» DATA SEGMENT:

= = =

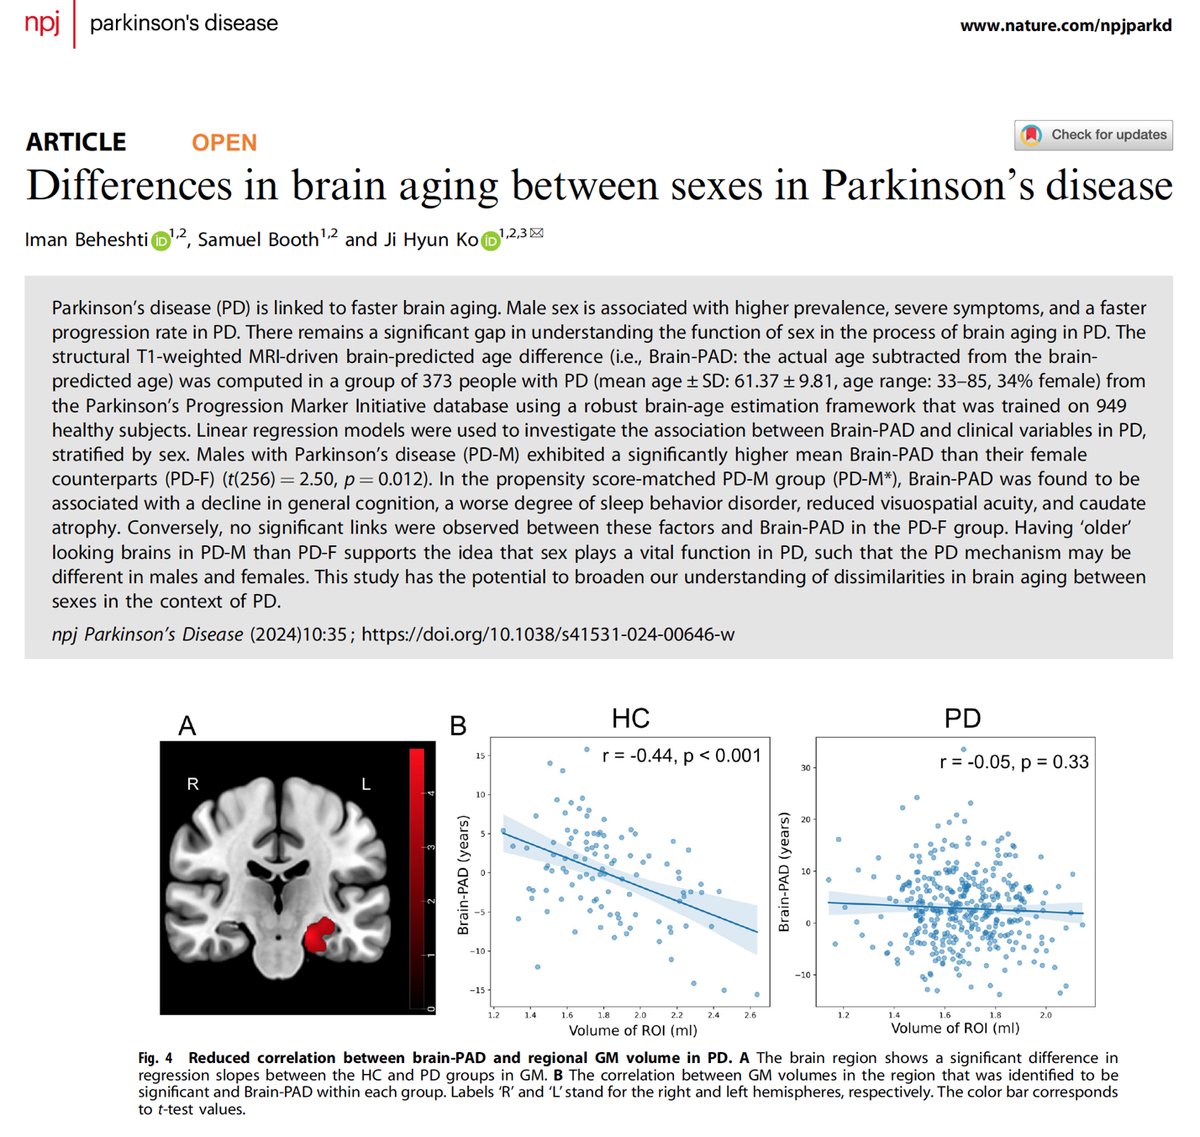 Really excited about our recent paper published in one of the top journals in the area of Parkinson's disease (npj Parkinson's Disease), which investigates sex differences in PD using brain age measures. Link: nature.com/articles/s4153…
@Nature_NPJ, @umanitoba, @um_research
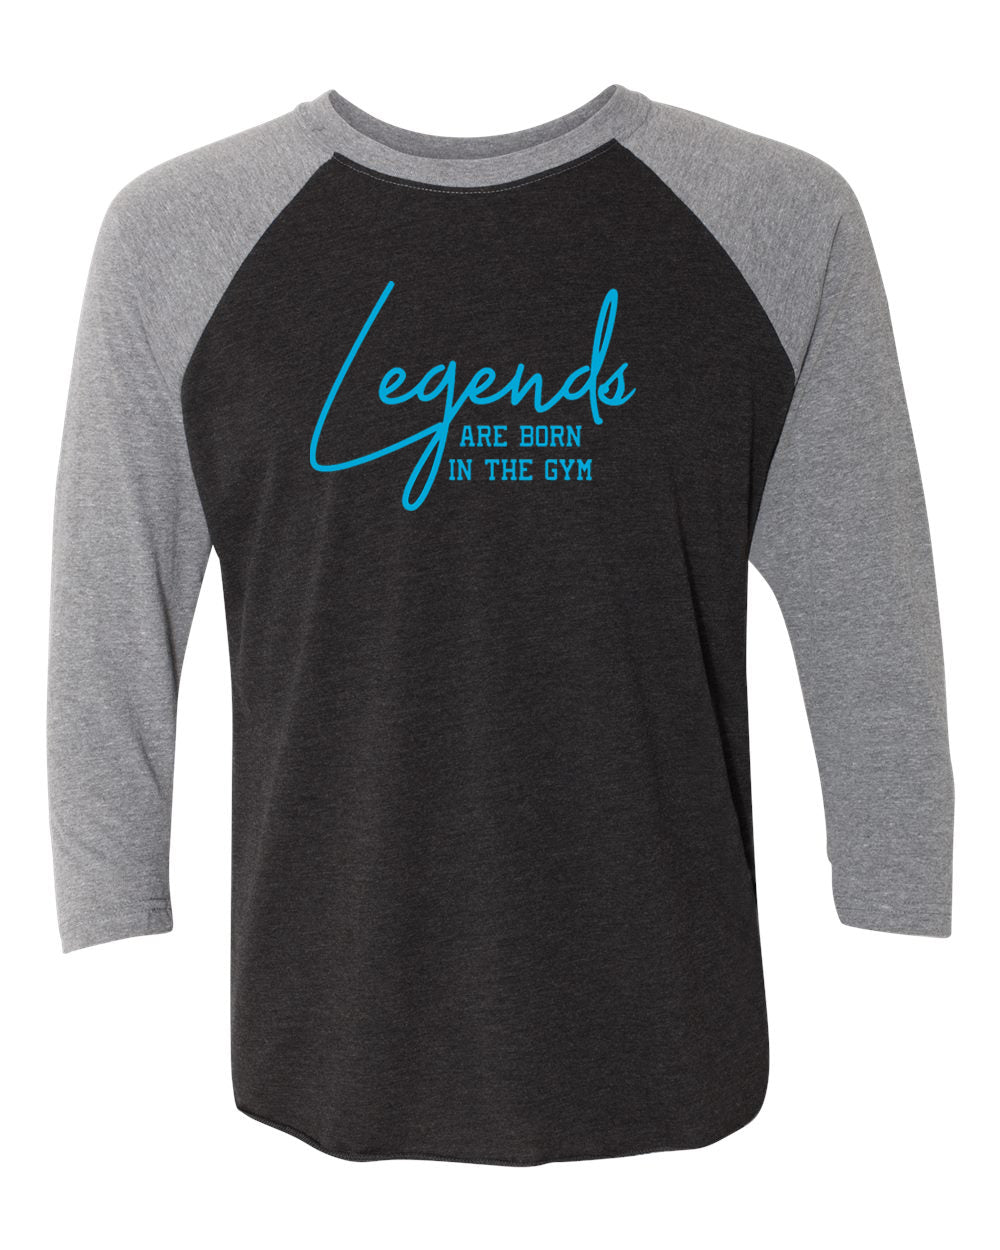 Legends Are Born In The Gym Adult 3/4 Sleeve Raglan T-Shirt
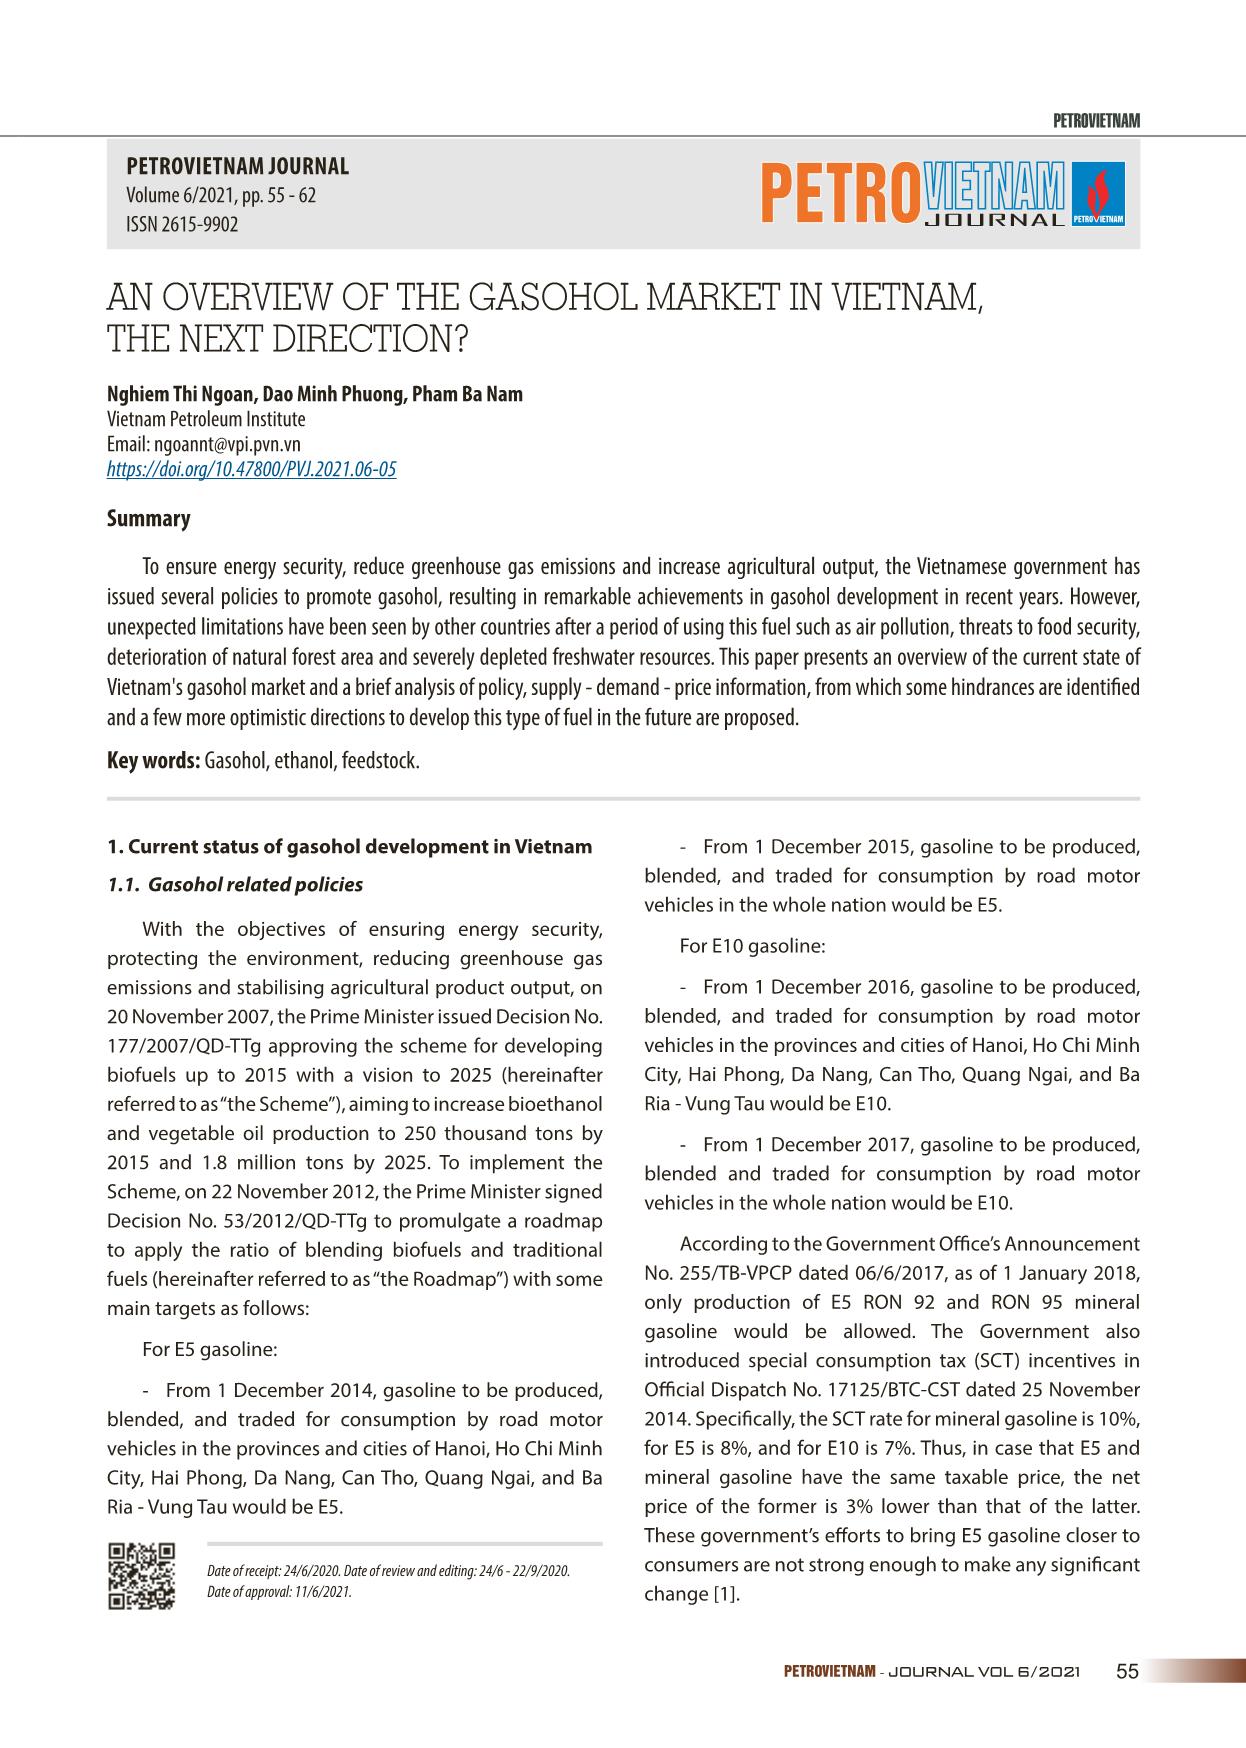 An overview of the gasohol market in Vietnam, the next direction? trang 1

= = =

» EXERCISE BRIEF: What you produce must match the listing word for word, with no images in it.

» RESPONSE TO THIS TASK:
 Really excited about our recent paper published in one of the top journals in the area of Parkinson's disease (npj Parkinson's Disease), which investigates sex differences in PD using brain age measures. Link: nature.com/articles/s4153…
@Nature_NPJ, @umanitoba, @um_research
 Legends Are Born In The Gym Adult 3/4 Sleeve Raglan T-Shirt
 An overview of the gasohol market in Vietnam, the next direction? trang 1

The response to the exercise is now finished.